For seven years, Myong Sool Chang woke up at 6 a.m. on Fridays, drove an hour from Boston to New Hampshire, picked up his newspapers, then drove back to deliver them.
He dropped stacks off in restaurant entryways and corner stores across the city’s fledgling “Koreatown” – also known as Allston – before mailing copies to other New England states. The whole “mission,” as he called it, would last until 9 p.m. most weeks.
“At the end of every Friday, I almost collapsed,” Chang told NBC News. “But these days, it’s gotten a lot easier.”
“I can’t give up the paper newspaper. When all the people give up the paper newspaper, then I can finally give up.”
Chang is the 49-year-old founder of Boston’s last-standing Korean language newspaper, Boston Korea, which he said he has managed to grow from a profitless, pro-bono operation in 2005 to a staff of five today. But in a time when newspapers are routinely buckling under financial pressures, Chang has yet another challenge before him: the Korean population in Allston is dwindling – and fast – just five years after The Boston Globe reported it was growing “strong roots.”
Estimates from the American Community Survey suggest that while Boston’s overall Korean population is rising, Koreans living in Allston have dropped by nearly 63 percent between 2011 and 2015. Though many others live in the nearby neighborhood of Brighton and other Massachusetts towns — Newton, Lexington and Cambridge — Allston’s identity as the epicenter of Korean social life could disappear almost as quickly as it started.
“It felt like it was growing until the last three to four years. I don’t know if it’s a Koreatown anymore,” Seung-youn Woo, a 26-year-old pharmacy student and previous translator for Boston Korea, told NBC News.
Woo’s parents shut down their Allston internet cafe in 2016, and several other Korean businesses have likewise closed their doors in recent years, including a popular karaoke club and a family-owned market, according to Woo. But even though that means fewer potential ad buyers for Chang’s paper, Allston is still far from empty of its Korean businesses. A Mexican-Korean fusion restaurant and a popular Korean barbecue chain recently opened near Boston Korea’s office.
“It means [there are] still a lot of students here, but not as many as before,” Chang said. “There used to be a time when Korean students were hanging out everywhere in the streets.”
The small newspaper has a weekly circulation of about 4,300, but it has long stood with an online community of international students as its legs.

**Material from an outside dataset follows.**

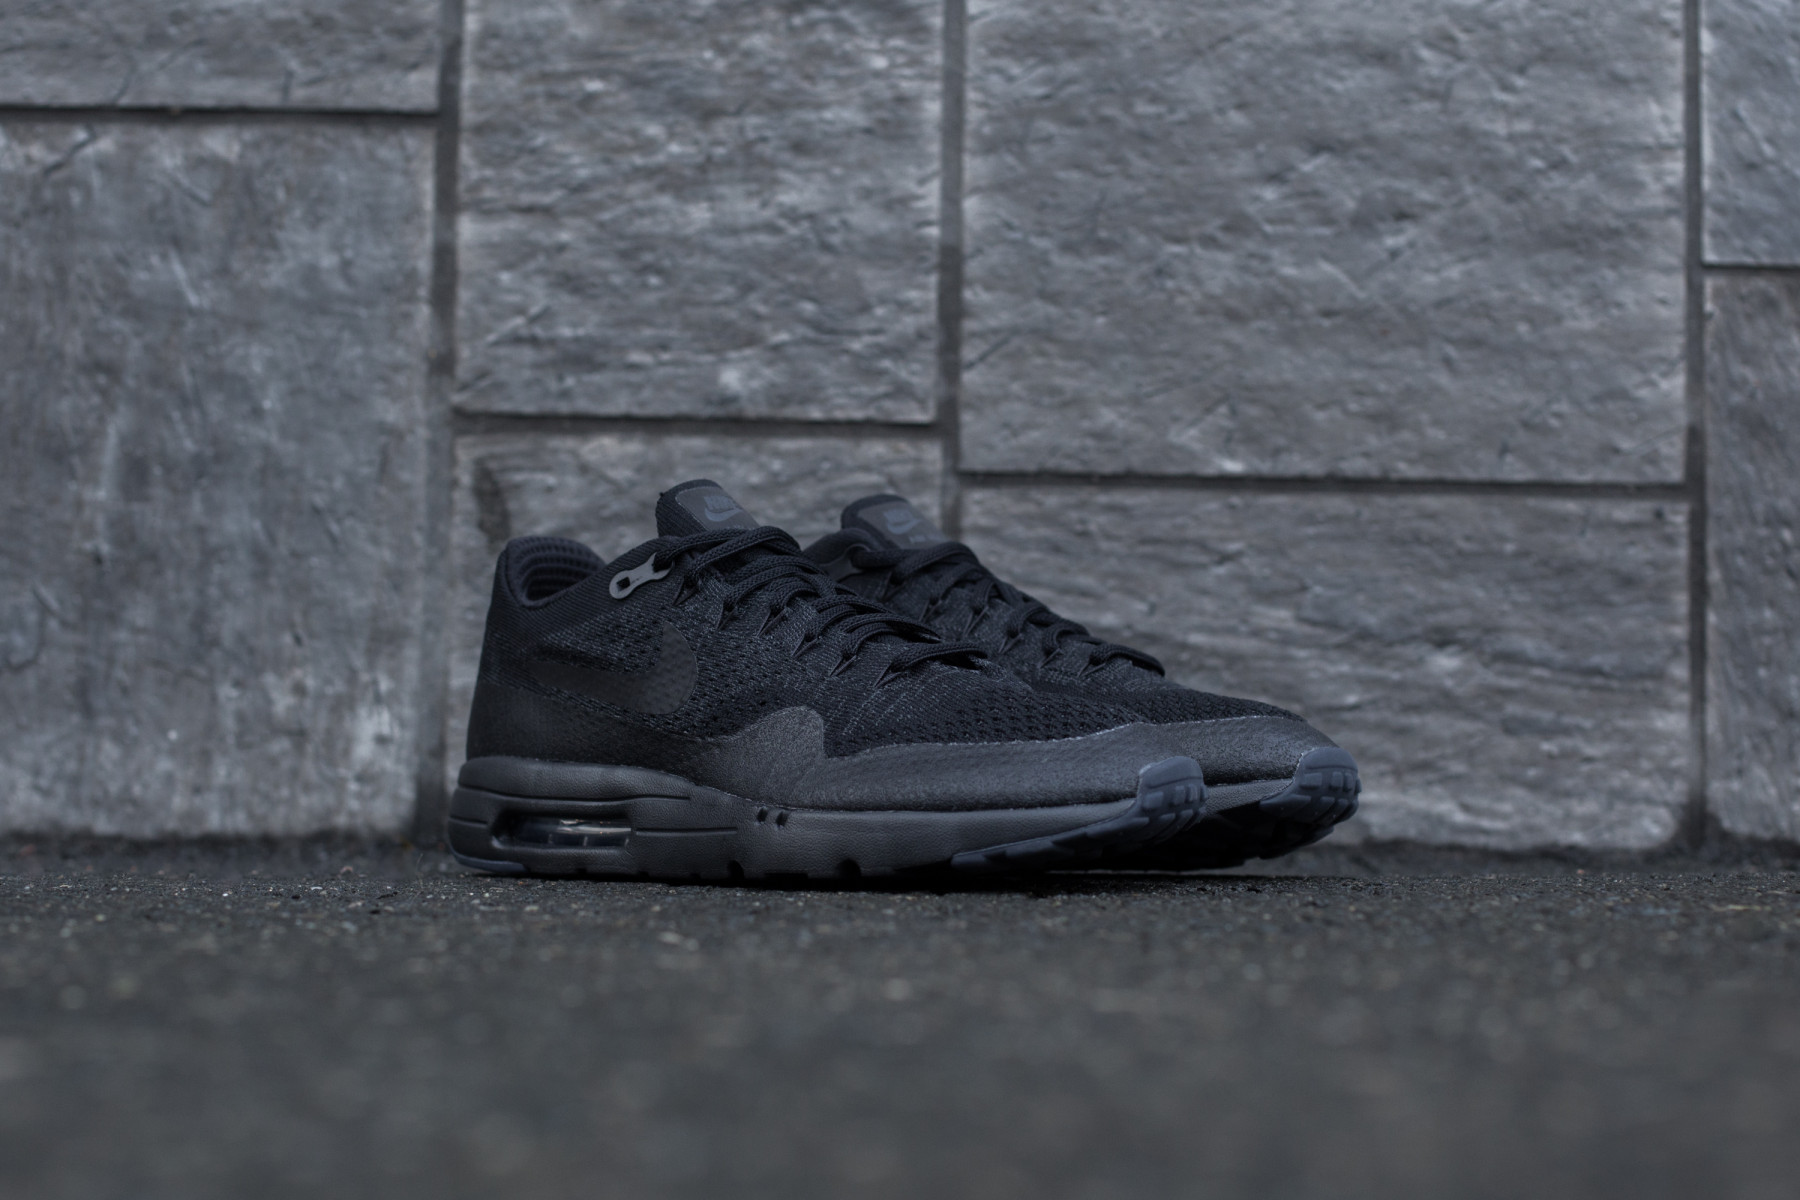 Nike Air Max 1 Ultra Flyknit Herre Sneakers Sneaker.no

In 2007, Chang’s paper took off when he merged with an online forum called Boston Korean — a “Korean Craigslist” — which allowed students to buy and sell goods or swap advice on visas and apartments. Just one year after that merge, things were looking positive: Chang was able to move Boston Korea into a larger office and hire his first full-time reporter.
“We had more internet users and we were getting bigger. It was this gateway for Korean students from South Korea who were interested in Boston,” he said.
But in recent years, the number of Korean international students in Massachusetts has steadily declined. Between April 2014 and March 2017, South Koreans studying in Massachusetts decreased by nearly 15 percent, according to data from the U.S. Department of Homeland Security. Nationally, the decrease was more than 20 percent.
“Four, five or even 10 years ago, there were a lot of Korean foreign students here,” Byung Kim, president of the Korean Cultural Society of Boston, told NBC News. “But we’re certainly getting a flavor that Koreans are not frequenting the Allston area [like] before.”
The prevailing theory between Kim, Chang and several others is that, as the South Korean economy declines, fewer students and parents feel that studying abroad is worth the price.
“We had more internet users and we were getting bigger. It was this gateway for Korean students from South Korea who were interested in Boston.”
“They sacrificed a lot to send their children to the U.S. They make a really big investment, but they don’t get reward. So finally in South Korea, people figured out, ‘No, not anymore,’” Chang said. “If one student comes here, it’s not just one student. So there’s a decrease of whole Korean families here. Right now, they are almost gone.”
Even so, Chang knows that there are people out there who still need his newspaper. The classifieds section advertises some of the only Korean-speaking therapists in the region, and he still gets the occasional hand-written letter from senior citizens in the area.
“I can’t give up the paper newspaper,” he said. “When all the people give up the paper newspaper, then I can finally give up.”
These days, he still makes his Friday morning drive. But now, he’s able to delegate some delivery routes to his small team of reporters. Chang meets them at the Burlington, Massachusetts Hmart – a Korean grocery store chain – and he leaves about 1,300 copies at that location alone for locals to gobble up.
“After the week, there’s none left and it makes me feel so good – it all feels so worthwhile,” he said.